**Work item**. Please repeat the entire listing verbatim and keep the pictures out.

**Data segment**.
= Beginning of Section =
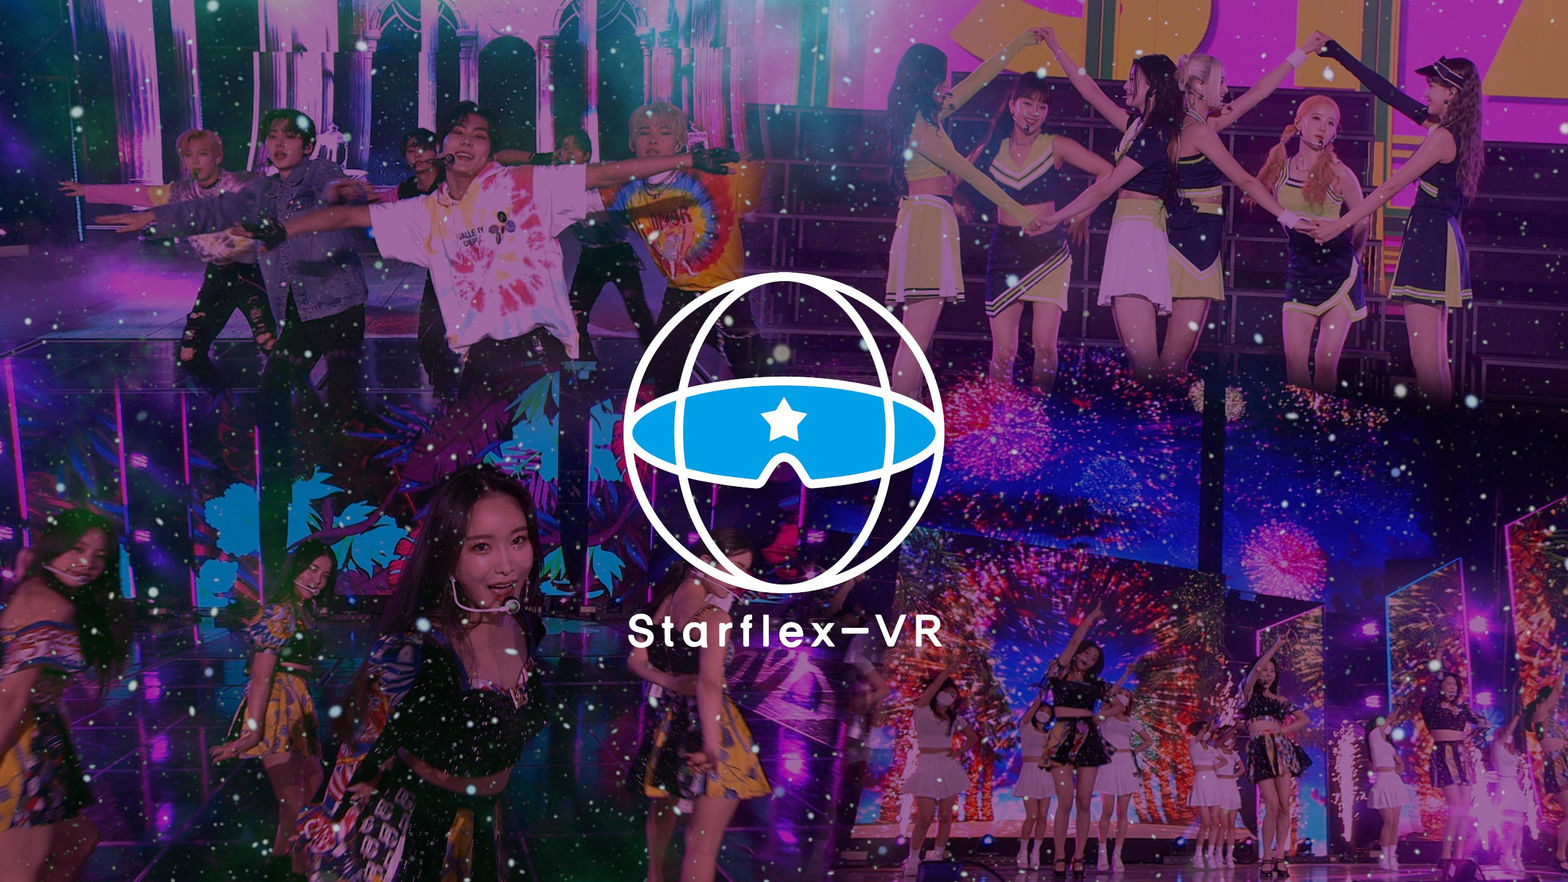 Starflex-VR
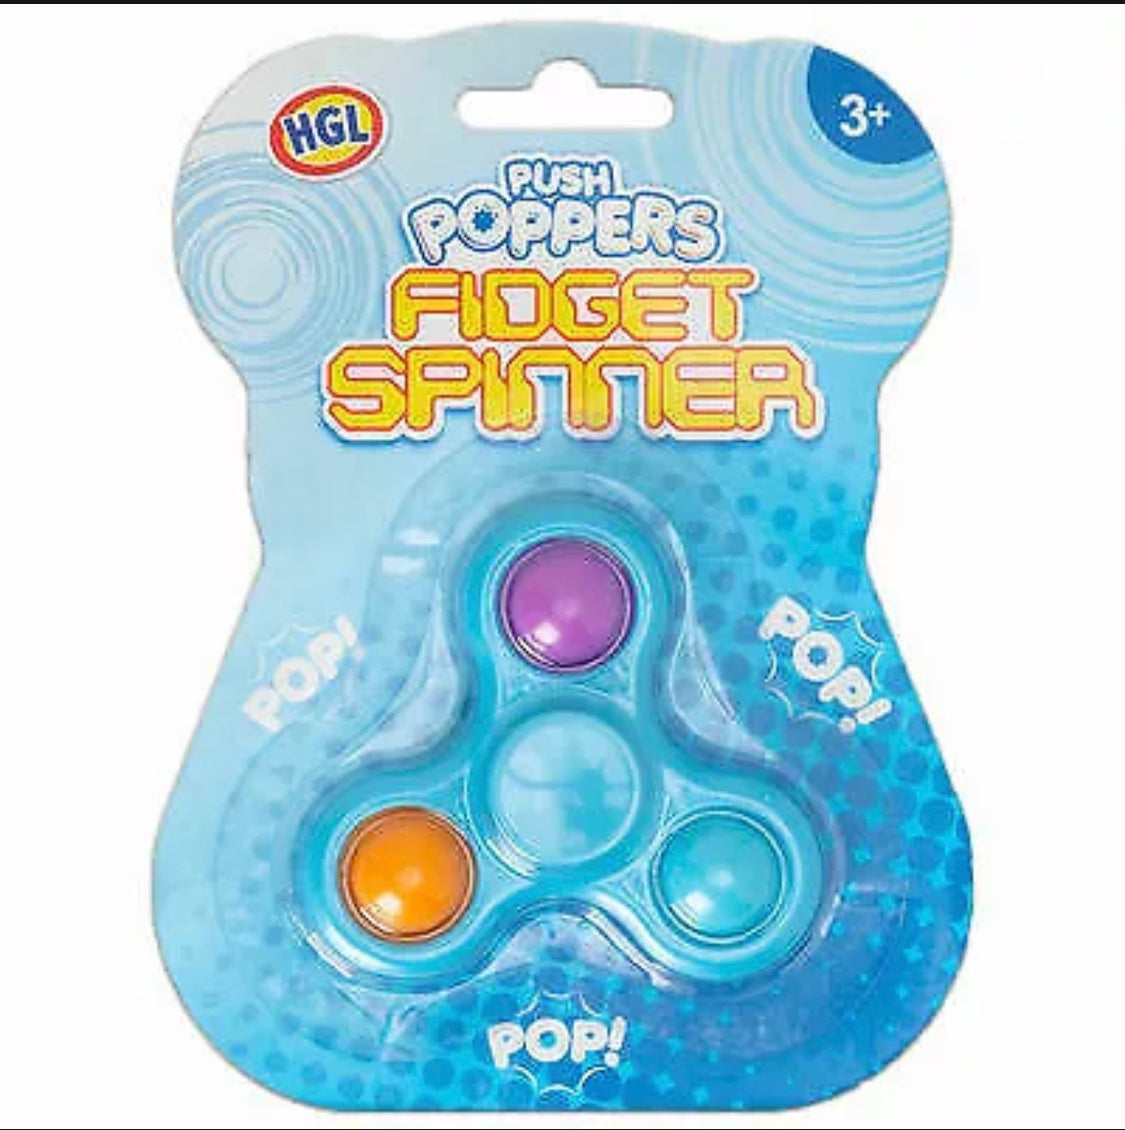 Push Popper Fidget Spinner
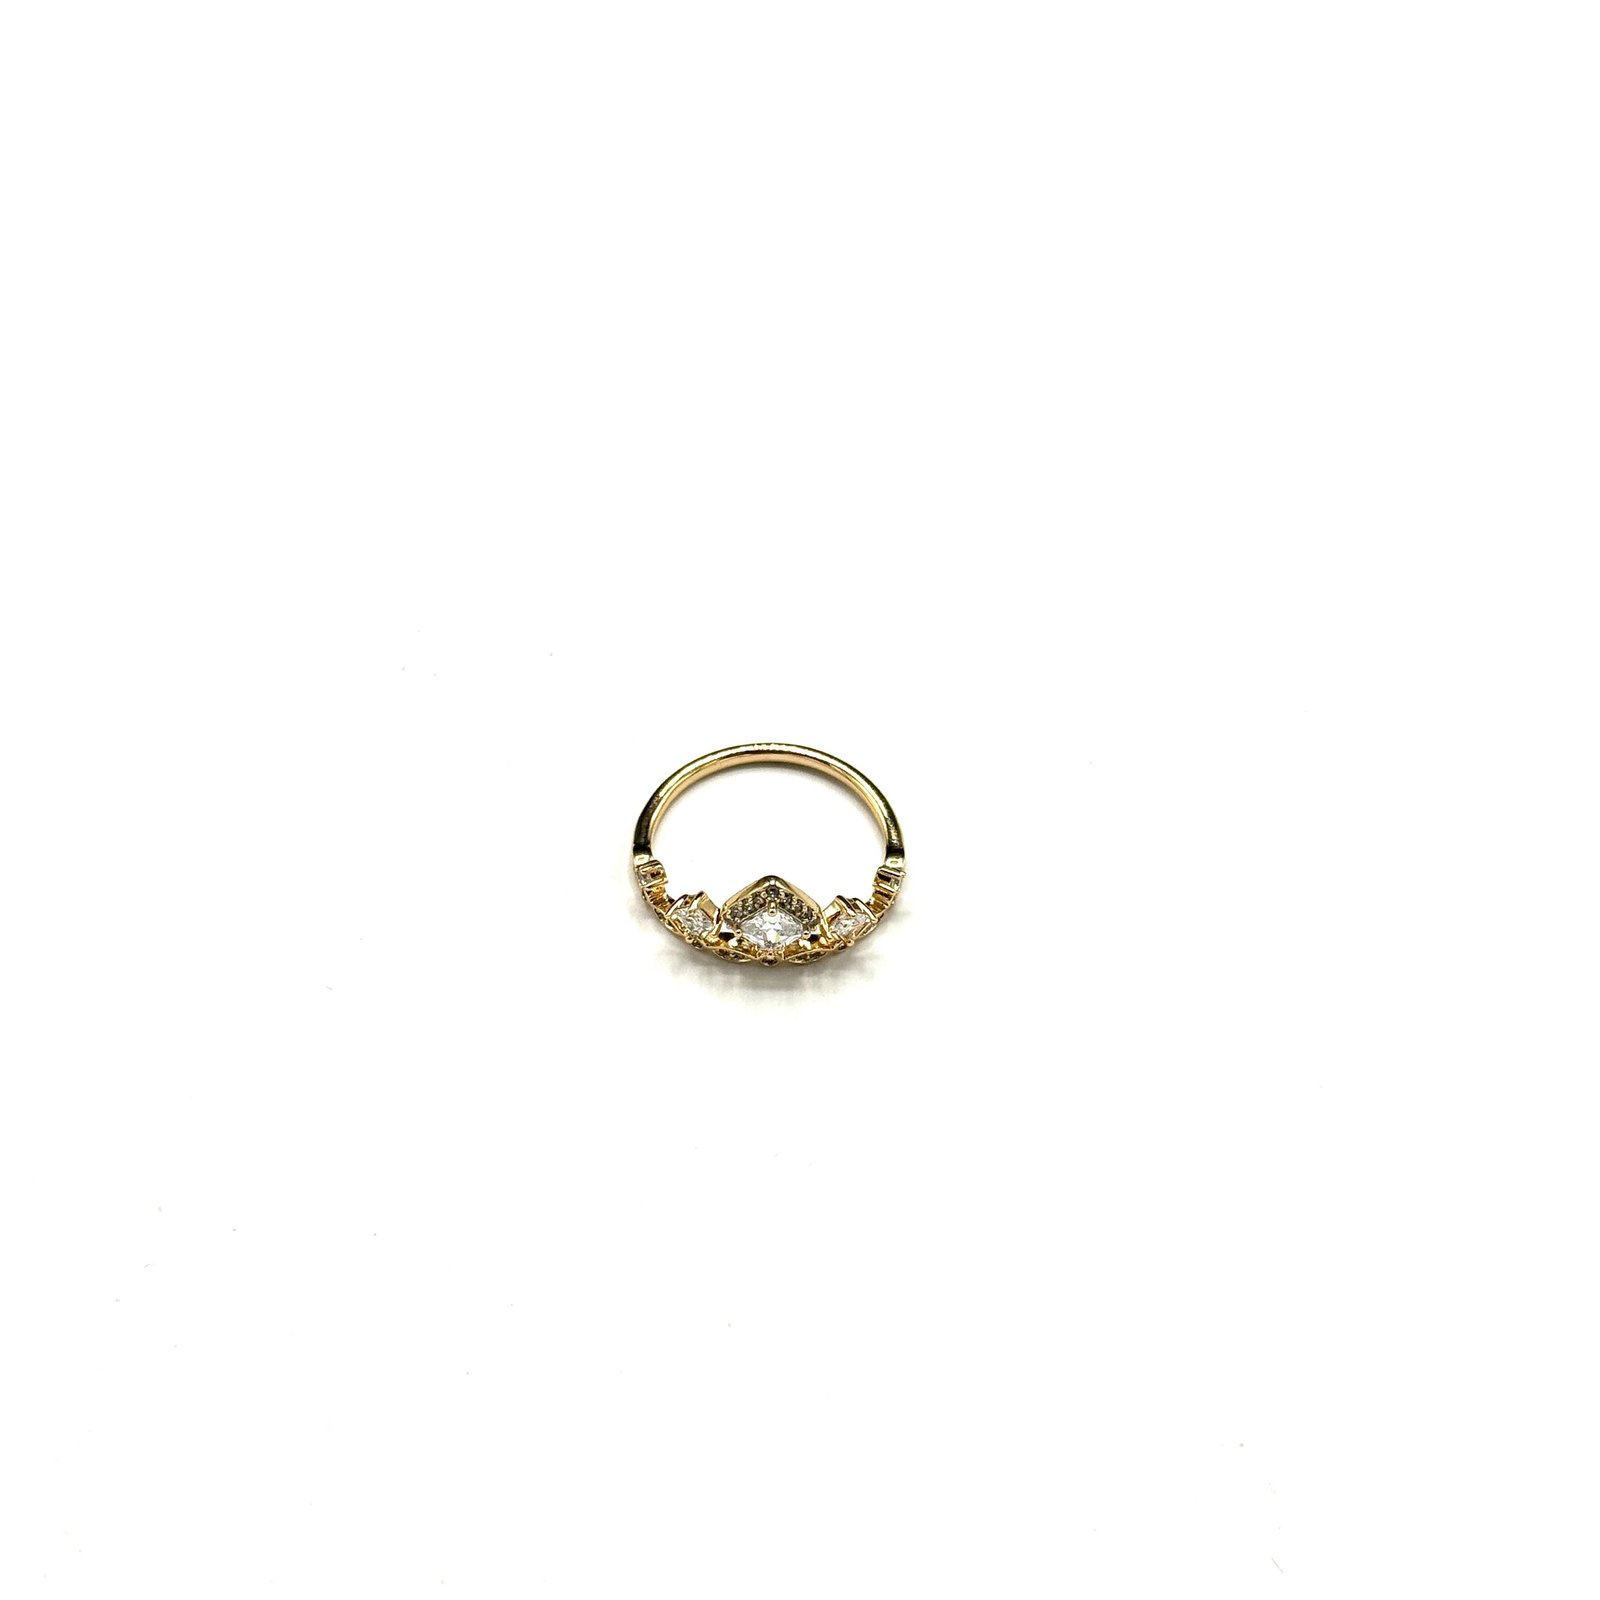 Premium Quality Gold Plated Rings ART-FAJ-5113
= End of Section =
**Written response**.
 Starflex-VR
 Push Popper Fidget Spinner
 Premium Quality Gold Plated Rings ART-FAJ-5113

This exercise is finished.